One side according to the present utility model, the supporter are quartz glass.
One side according to the present utility model, the supporter are that the first electrode is to electric grade.
One side according to the present utility model, the first electrode are tabular or aperture plate shape.
One side according to the present utility model, the anode of the power supply connect with the graphene-structured layer of Graphene electrodes
It connects.
The second surface of one side according to the present utility model, the supporting layer is provided with temperature regulating device, the temperature control
Device includes the heating elements such as electric hot plate, electrothermal ring or heating wire.

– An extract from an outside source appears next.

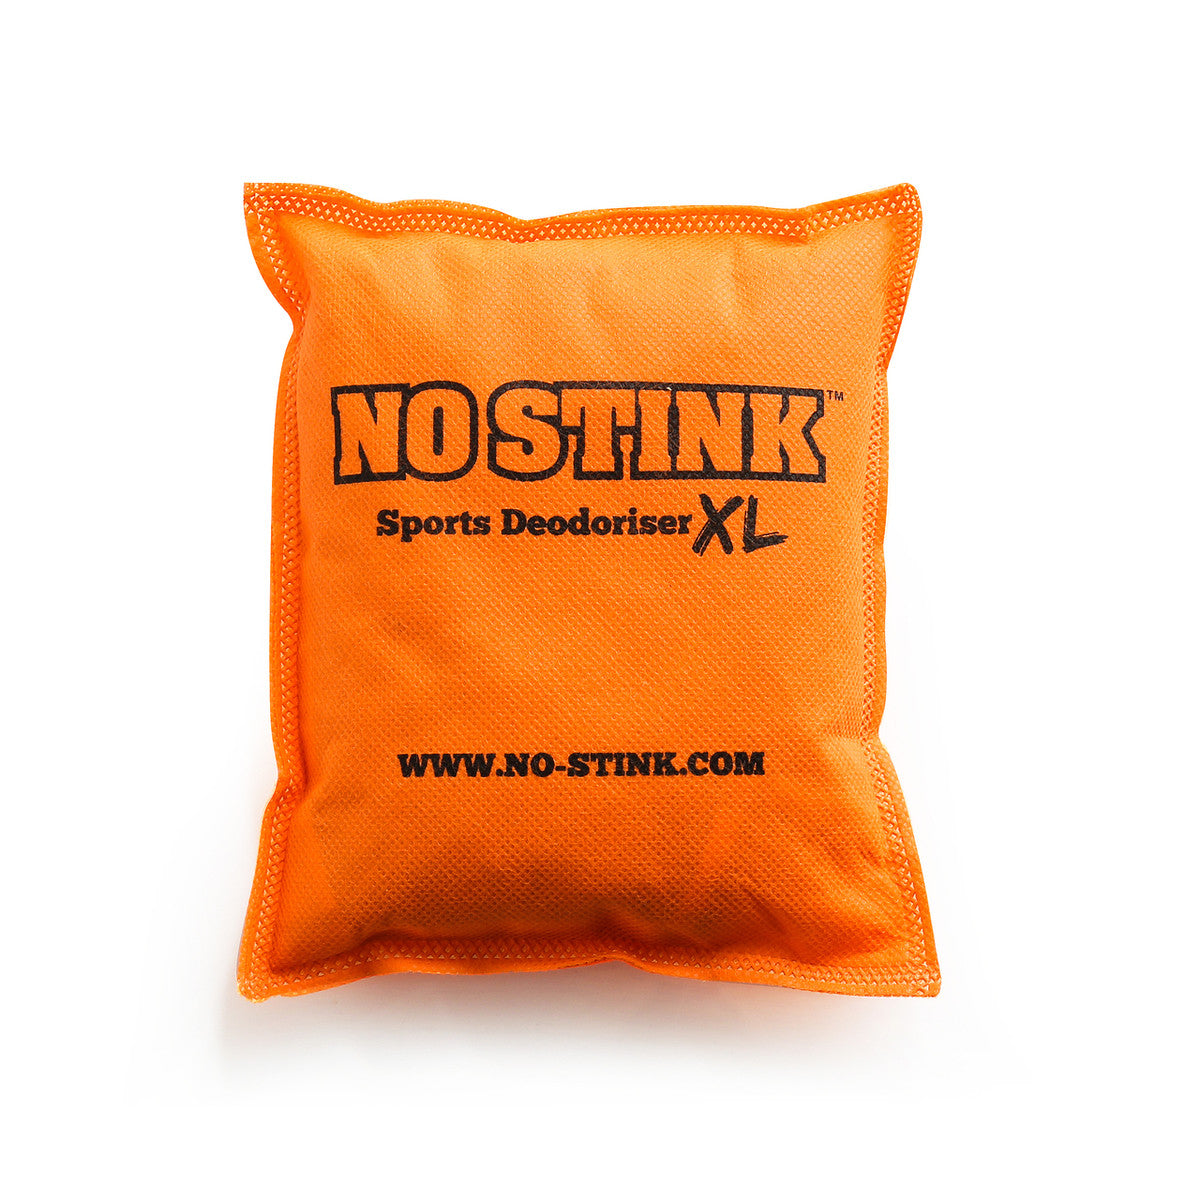 No Stink Sports Deodoriser XL
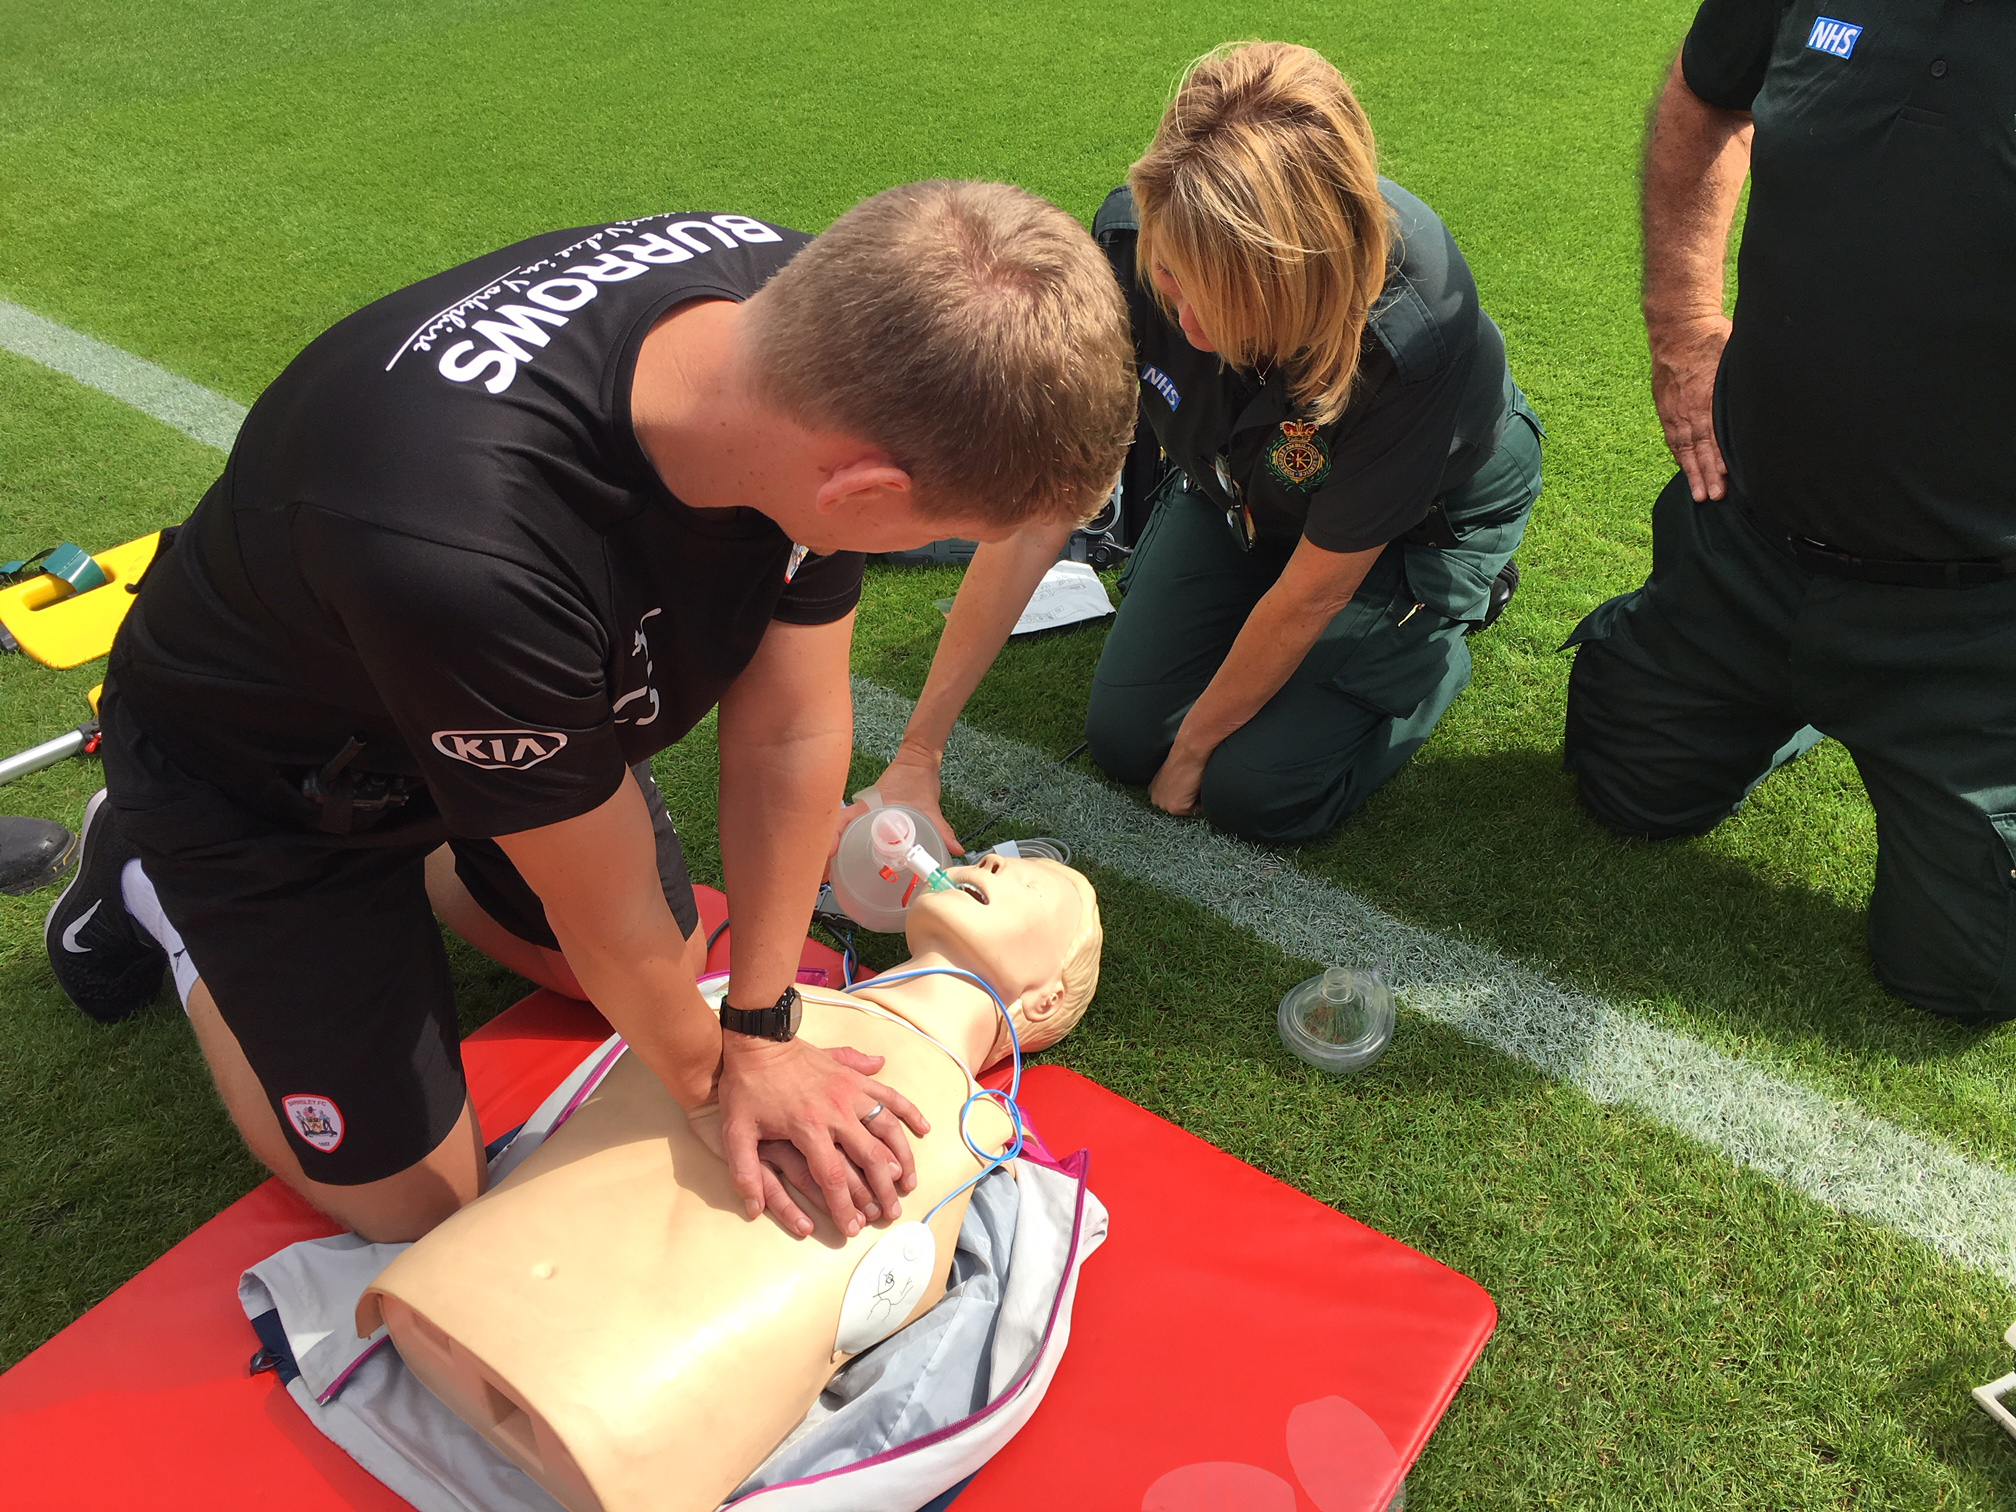 CPR training at Barnsley Football Club

One side according to the present utility model, the photic emitter are set to the outside of temperature regulating device.
One side according to the present utility model, the photic emitter use ultraviolet emission device.
One side according to the present utility model, the ultraviolet emission device include diode, xenon lamp, krypton lamp, mercury lamp
Or the ultraviolet generator of at least one of ultraviolet laser.
The utility model additionally provides a kind of electrode of photoemission ionization source, for the above-mentioned photoelectricity hair based on graphene
Penetrate the Graphene electrodes described in ionization source.
Description of the drawings
Attached drawing is used to provide a further understanding of the present invention, and a part for constitution instruction, with this practicality
Novel embodiment for explaining the utility model, does not constitute limitations of the present invention together.In the accompanying drawings:
Fig. 1 is the structural representation of the photoemission ionization source based on graphene of one embodiment according to the present utility model
Figure;
Fig. 2 is the structural representation of the photoemission ionization source based on graphene of one embodiment according to the present utility model
Figure;
Fig. 3 is the structural representation of the photoemission ionization source based on graphene of one embodiment according to the present utility model
Figure;
Fig. 4 is the structural representation of the photoemission ionization source based on graphene of one embodiment according to the present utility model
Figure.
Specific implementation mode
Hereinafter, certain exemplary embodiments are simply just described.As one skilled in the art will recognize that
Like that, without departing from the spirit or scope of the present utility model, it can be changed by various different modes described real
Apply example.Therefore, attached drawing and description are considered essentially illustrative rather than restrictive.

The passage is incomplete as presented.